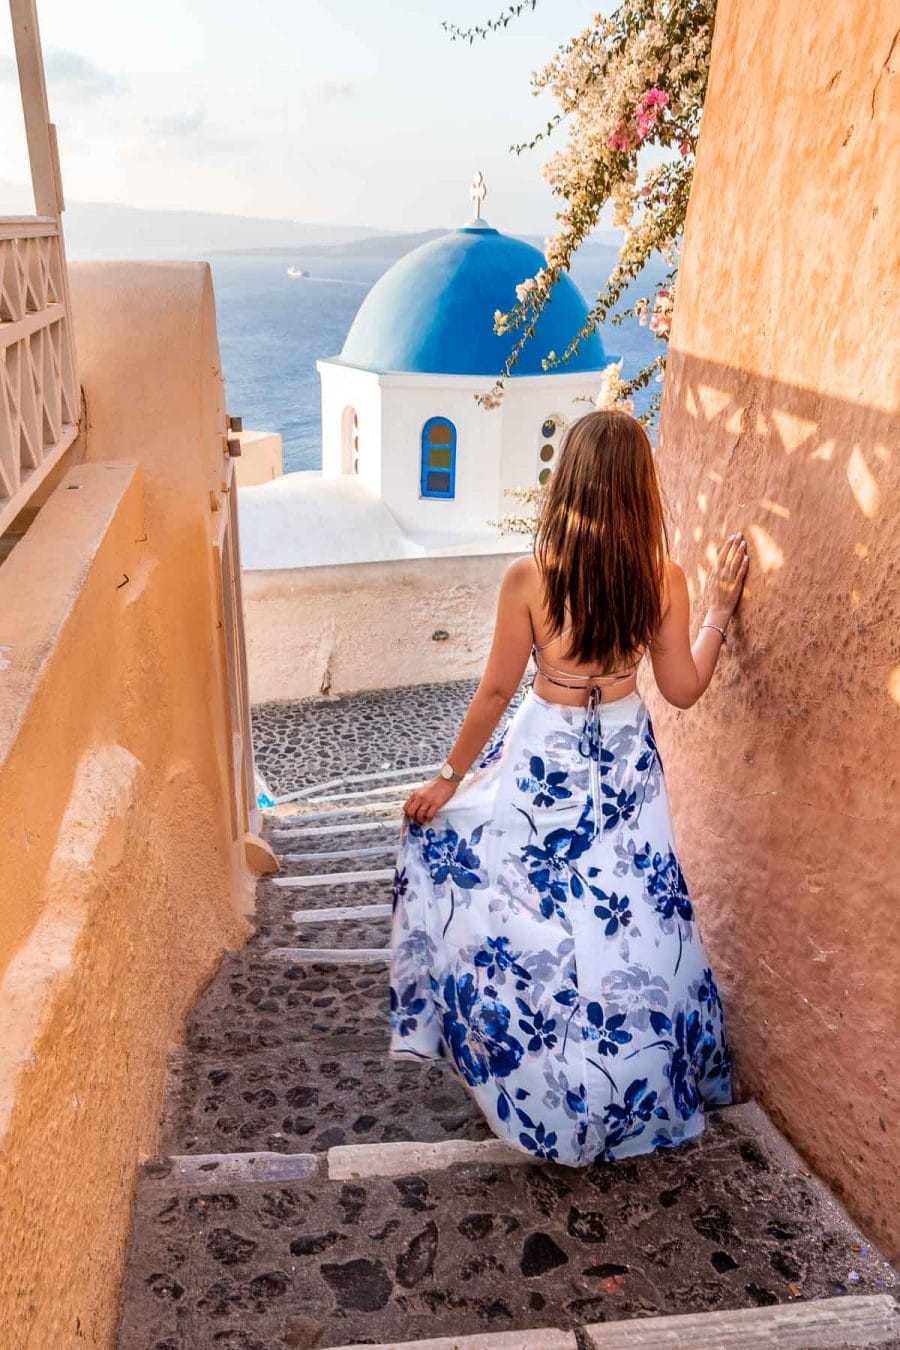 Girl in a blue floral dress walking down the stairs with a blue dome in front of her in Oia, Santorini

--

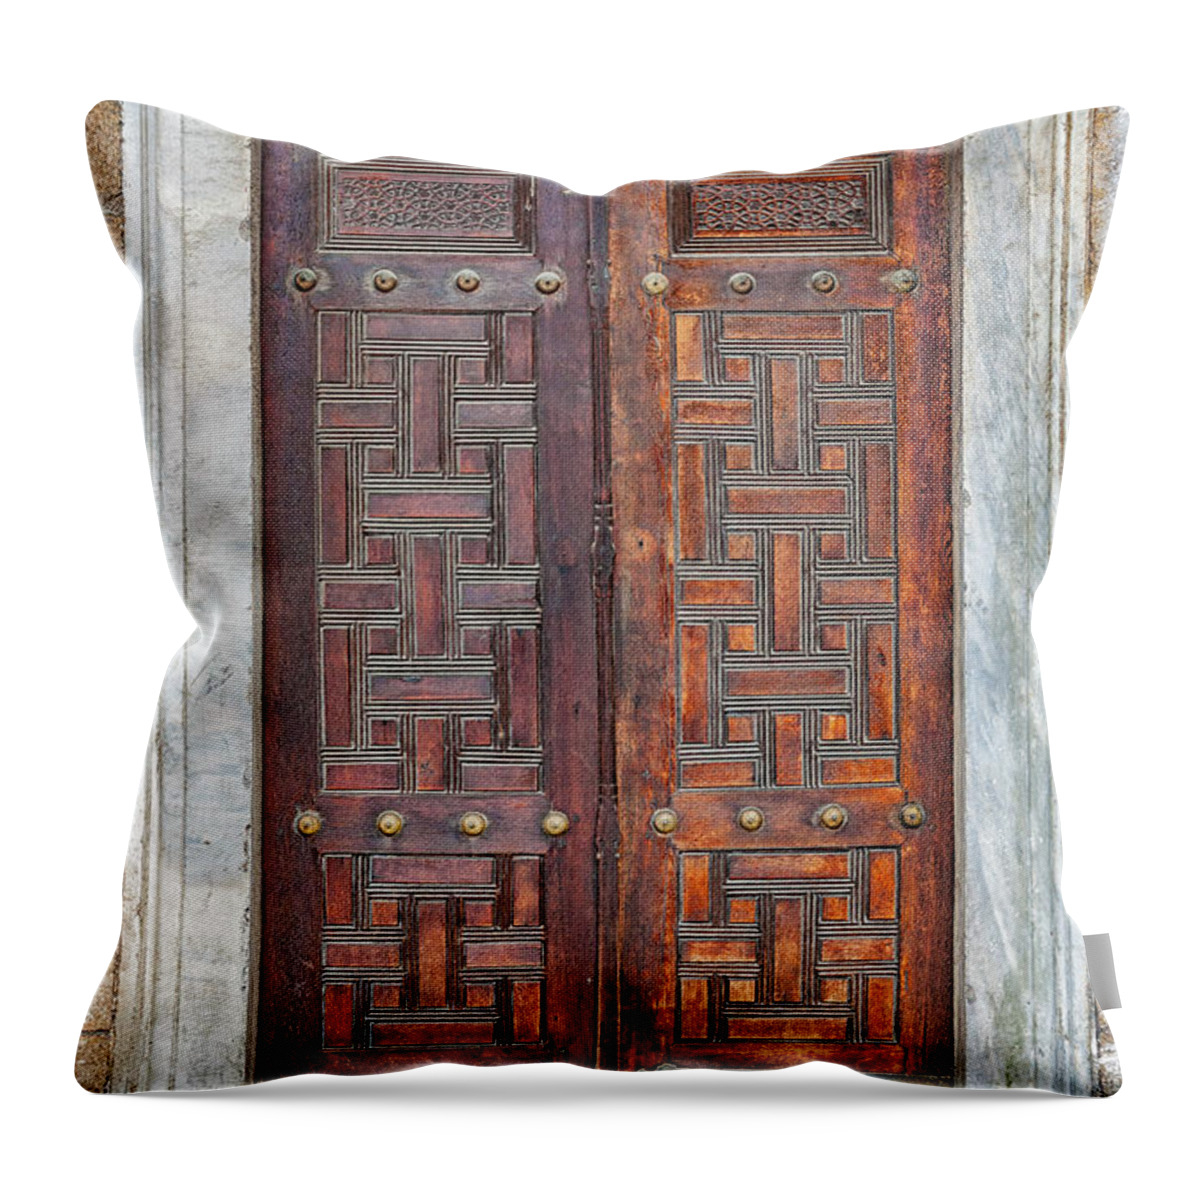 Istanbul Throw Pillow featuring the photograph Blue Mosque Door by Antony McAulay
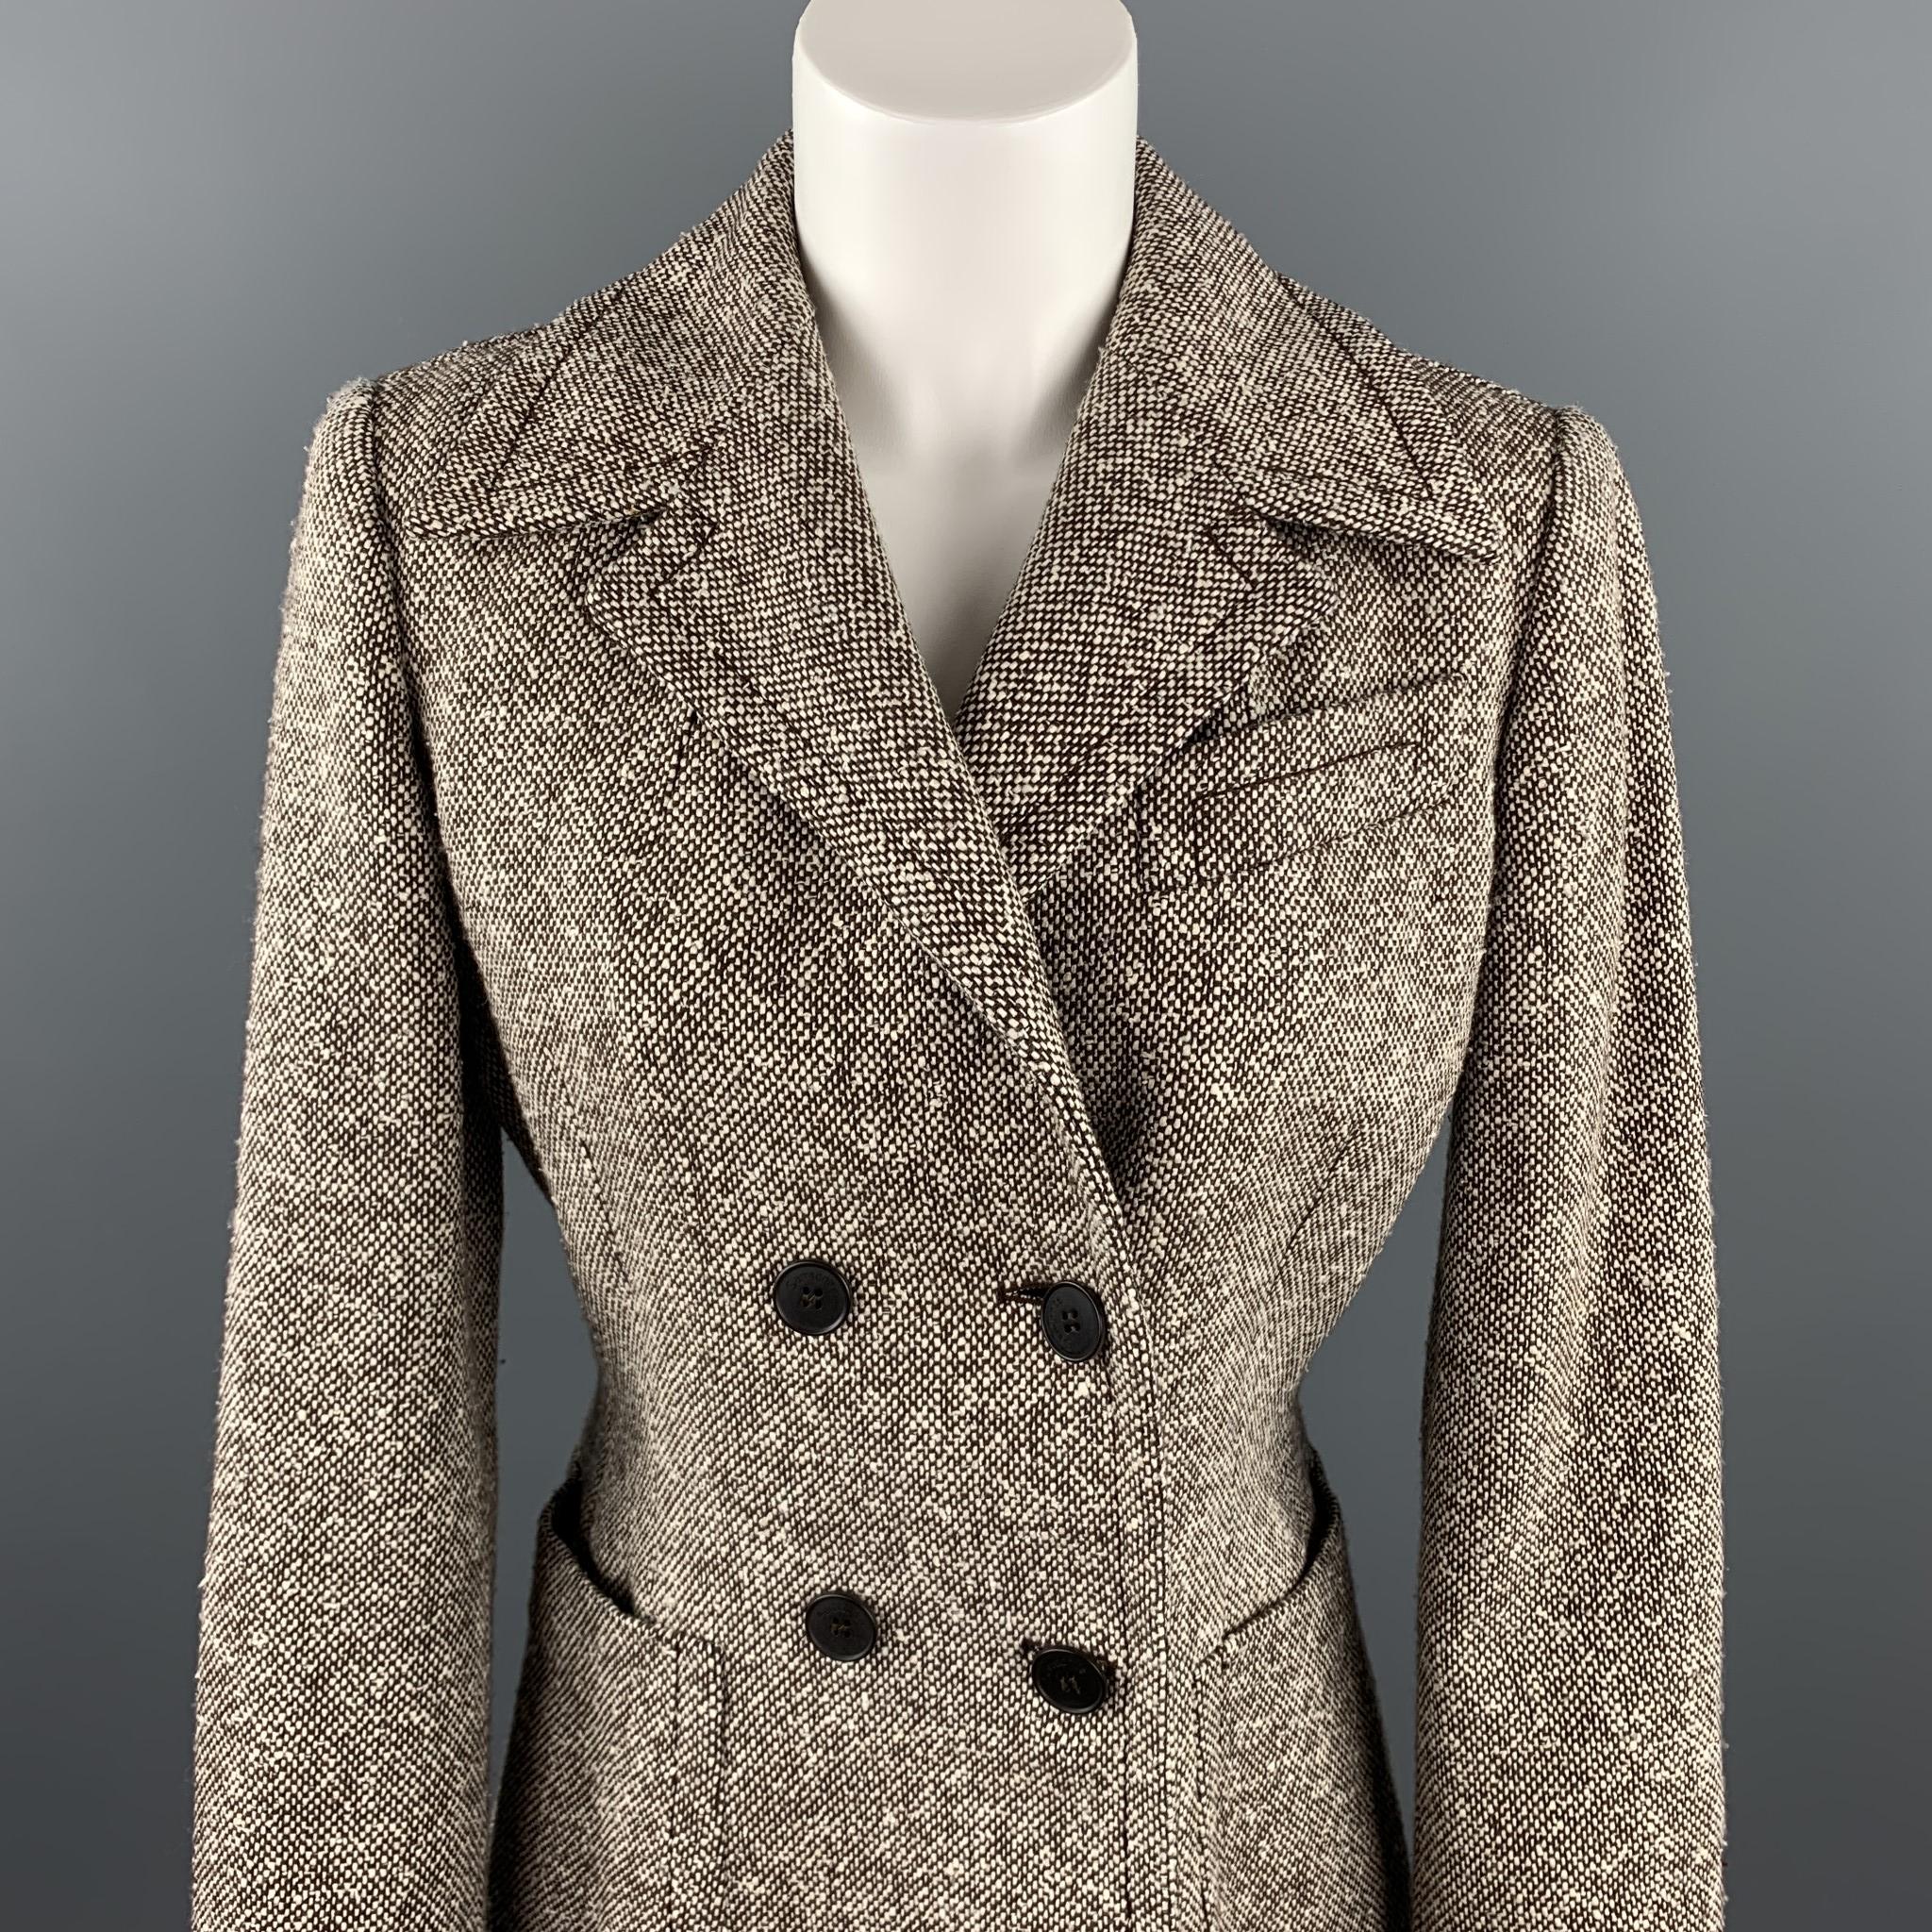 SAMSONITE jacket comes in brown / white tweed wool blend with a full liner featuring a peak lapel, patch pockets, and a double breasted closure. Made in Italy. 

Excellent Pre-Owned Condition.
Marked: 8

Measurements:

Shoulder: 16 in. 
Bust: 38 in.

■ **WHAT TO WORK ON**
Find where the line with "Excellent Pre-Owned Condition." sits in the material above, then copy exactly from it through the line with "Bust: 38 in.". Add no other line.

■ **ANSWER**
Excellent Pre-Owned Condition.
Marked: 8

Measurements:

Shoulder: 16 in. 
Bust: 38 in.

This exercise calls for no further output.